Old deployed model with post-processing:
| Precision | Recall | F1 |
|---|---|---|
| 0.2504 | 0.2147 | 0.2312 |
Final retrained model with post-processing:
| Precision | Recall | F1 |
|---|---|---|
| 0.3341 | 0.2957 | 0.3137 |
Improvement:
+0.0825 F1
V2 LoRA was used as a parameter-efficient fine-tuning ablation. These runs train LoRA adapter weights only and do not replace the V1 full fine-tuned FLAN-T5 model.
| Experiment | Configuration | Post-processed F1 | Interpretation |
|---|---|---|---|
| Random baseline | Rule-free baseline | 0.0000 | Lower-bound baseline |
| TF-IDF + kNN baseline | Traditional retrieval baseline | 0.0579 | Simple ML baseline |
| Old deployed FLAN-T5 | Previous deployed model | 0.2312 | Earlier app model |
| LoRA Run 1 | r=8, alpha=16, target_modules=["q", "v"] |
0.2221 | Learned tuple-style output but below old deployed model |
| LoRA Run 2 | r=16, alpha=32, target_modules=["q", "v"] |
0.2439 | Higher rank improved LoRA performance |
| LoRA Run 3 | r=16, alpha=32, target_modules=["q", "v", "k", "o"] |
0.2478 | Best LoRA run so far |
| V1 full fine-tuned FLAN-T5 | Full model fine-tuning | 0.3137 | Best overall project model |
Run 3 is the best parameter-efficient LoRA result and improves over the random baseline, TF-IDF + kNN baseline, and old deployed FLAN-T5 model. However, LoRA does not outperform the V1 full fine-tuned FLAN-T5 model. The ablation suggests LoRA is useful for efficient experimentation, while full fine-tuning remains the strongest approach for strict ACOS tuple extraction in this project.
Final model error analysis on the all-domain OATS-ABSA test set:
| Error Type | Count |
|---|---|
| Exact matched tuples | 427 |
| Missed tuples | 220 |
| Hallucinated tuples | 54 |
| Wrong opinion | 508 |
| Wrong category | 299 |
| Wrong sentiment | 145 |
| Malformed output | 0 |
The biggest remaining challenge is that the model sometimes predicts the wrong opinion phrase or category. Many predictions are partially correct, but Exact Match F1 is strict and gives no credit if one field is different.

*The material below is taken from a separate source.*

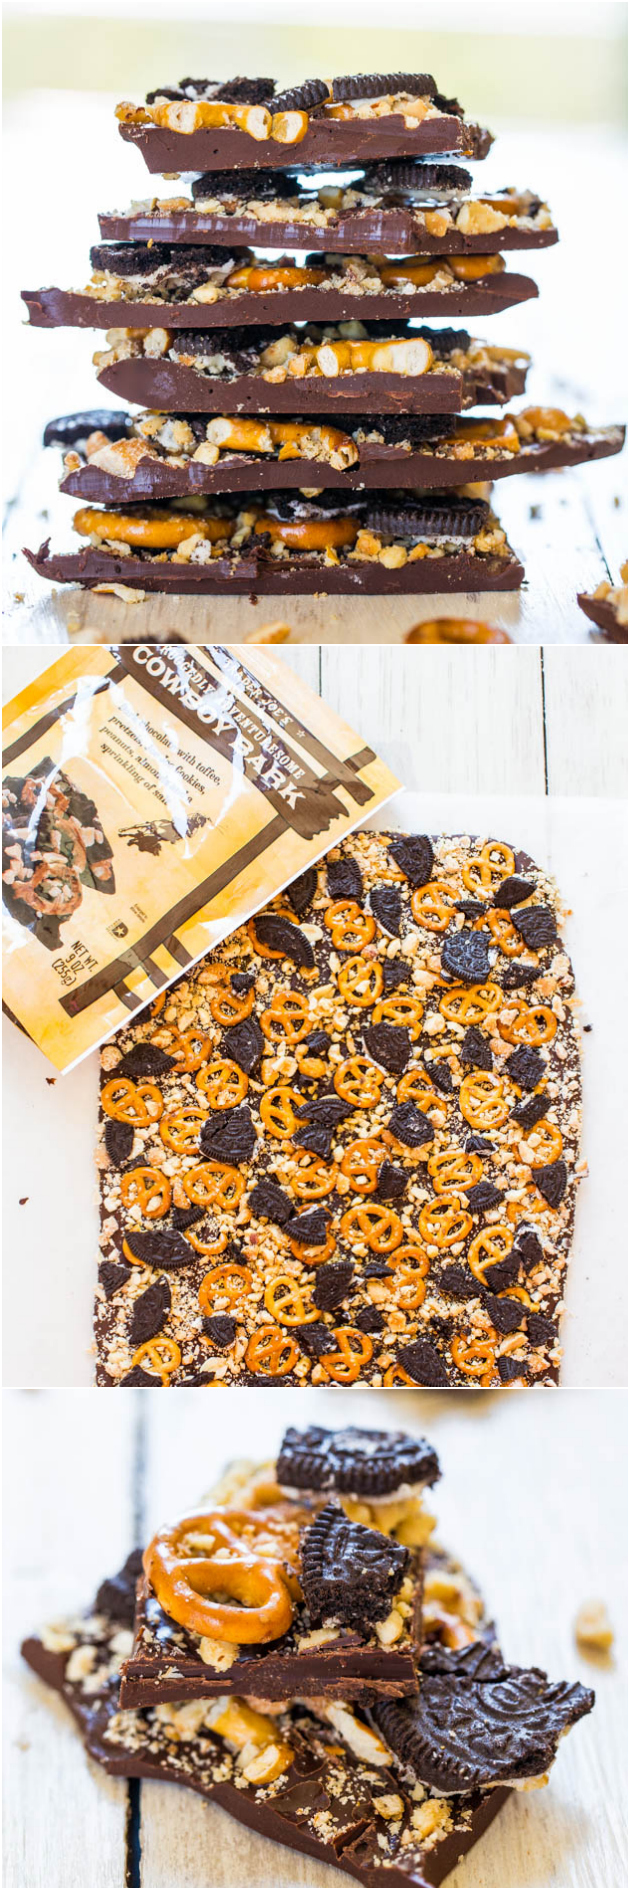 Cowboy Bark: Trader Joe's Copycat Recipe - Just like the real thing & ready in 5 minutes. Salty-and-sweet & supremely good!
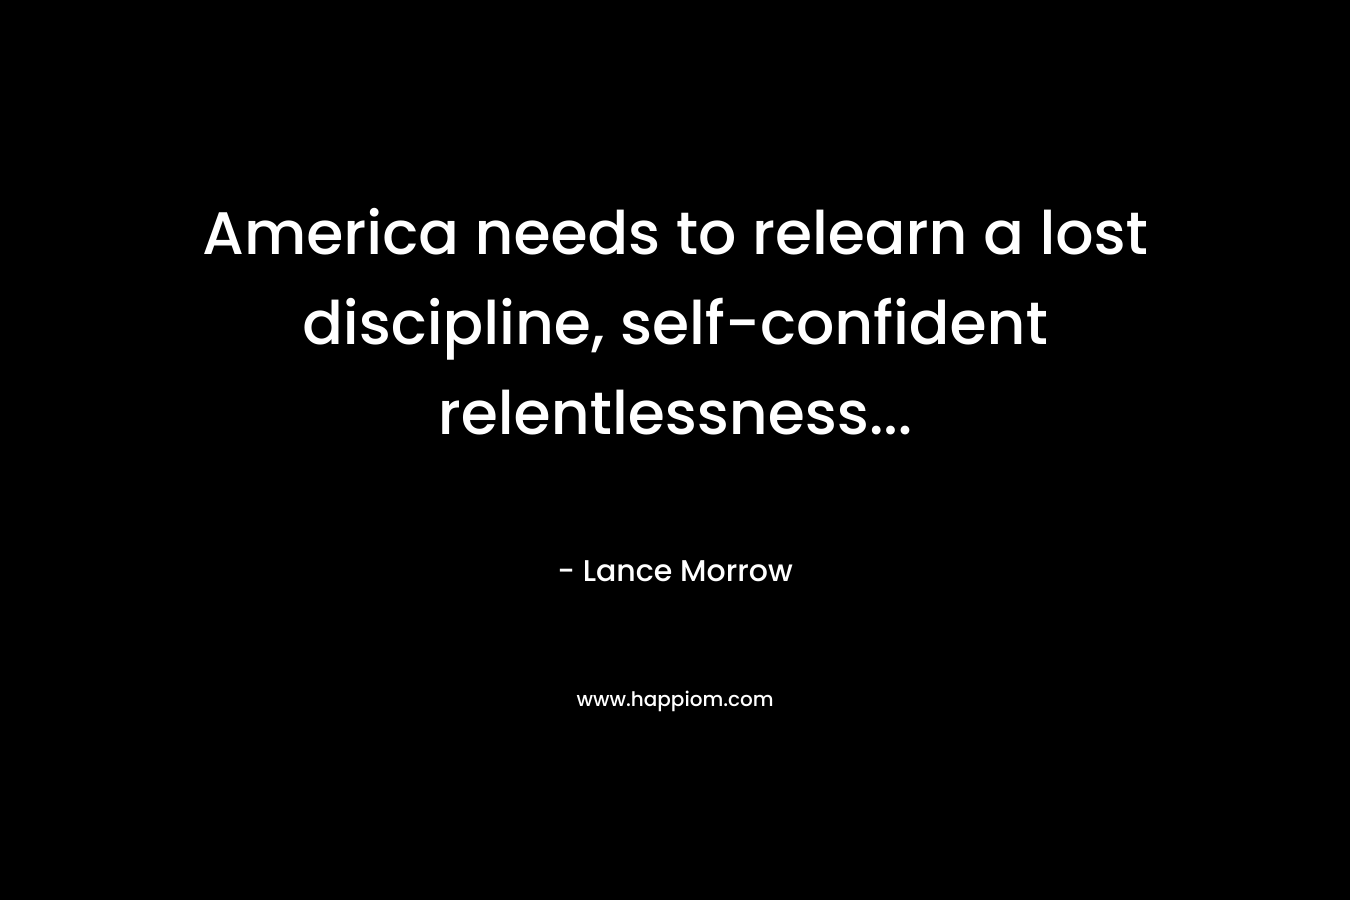 America needs to relearn a lost discipline, self-confident relentlessness… – Lance Morrow

The Streamlit app contains four main pages:
- Single Review: analyze one English or Bahasa Melayu course review.
- Batch Analysis: upload CSV/Excel files and download structured ACOS results.
- Performance: view final model metrics and old-vs-final comparison.
- About: view the language pipeline, model setup, dataset notes, and limitations.
Using the existing project virtual environment:
cd "C:\Users\Administrator\OneDrive\Desktop\Semester 2 2025-2026\FYP1\Code\course-acos-extraction"
..\course-acos-extraction.venv\Scripts\python.exe -m streamlit run app.pyGeneral setup:
python -m venv .venv
.venv\Scripts\activate
pip install -r requirements.txt
streamlit run app.pycourse-acos-extraction/
|-- app.py
|-- requirements.txt
|-- README.md
|-- models/
| `-- final_flan_t5_acos_model/
|-- data/
| `-- predictions/
| `-- predictions_final.csv
|-- reports/
|-- screenshots/
| |-- 01_single_review_english.png
| |-- 02_single_review_malay.png
| |-- 03_batch_analysis.png
| |-- 04_performance_page.png
| `-- 05_about_page.png
`-- src/
- Exact Match F1 is strict.
- The model was trained on English ACOS data.
- Bahasa Melayu support depends on Malay-to-English translation quality.
- Some opinion phrases and categories are still confused.
- This is a research prototype, not a production system.
- Optional LoRA fine-tuning as an ablation experiment.
- Add more education-domain ACOS data.
- Improve category normalization.
- Improve multilingual training instead of relying only on translation.
- Add human evaluation for course-feedback usefulness.
- Deploy the final version to Hugging Face Spaces.
The fine-tuned FLAN-T5-base model weights are not included in this GitHub repository due to file size limits.
To run the app locally, place the final model folder at:
models/final_flan_t5_acos_model/
The model can later be hosted separately on Hugging Face Model Hub for deployment.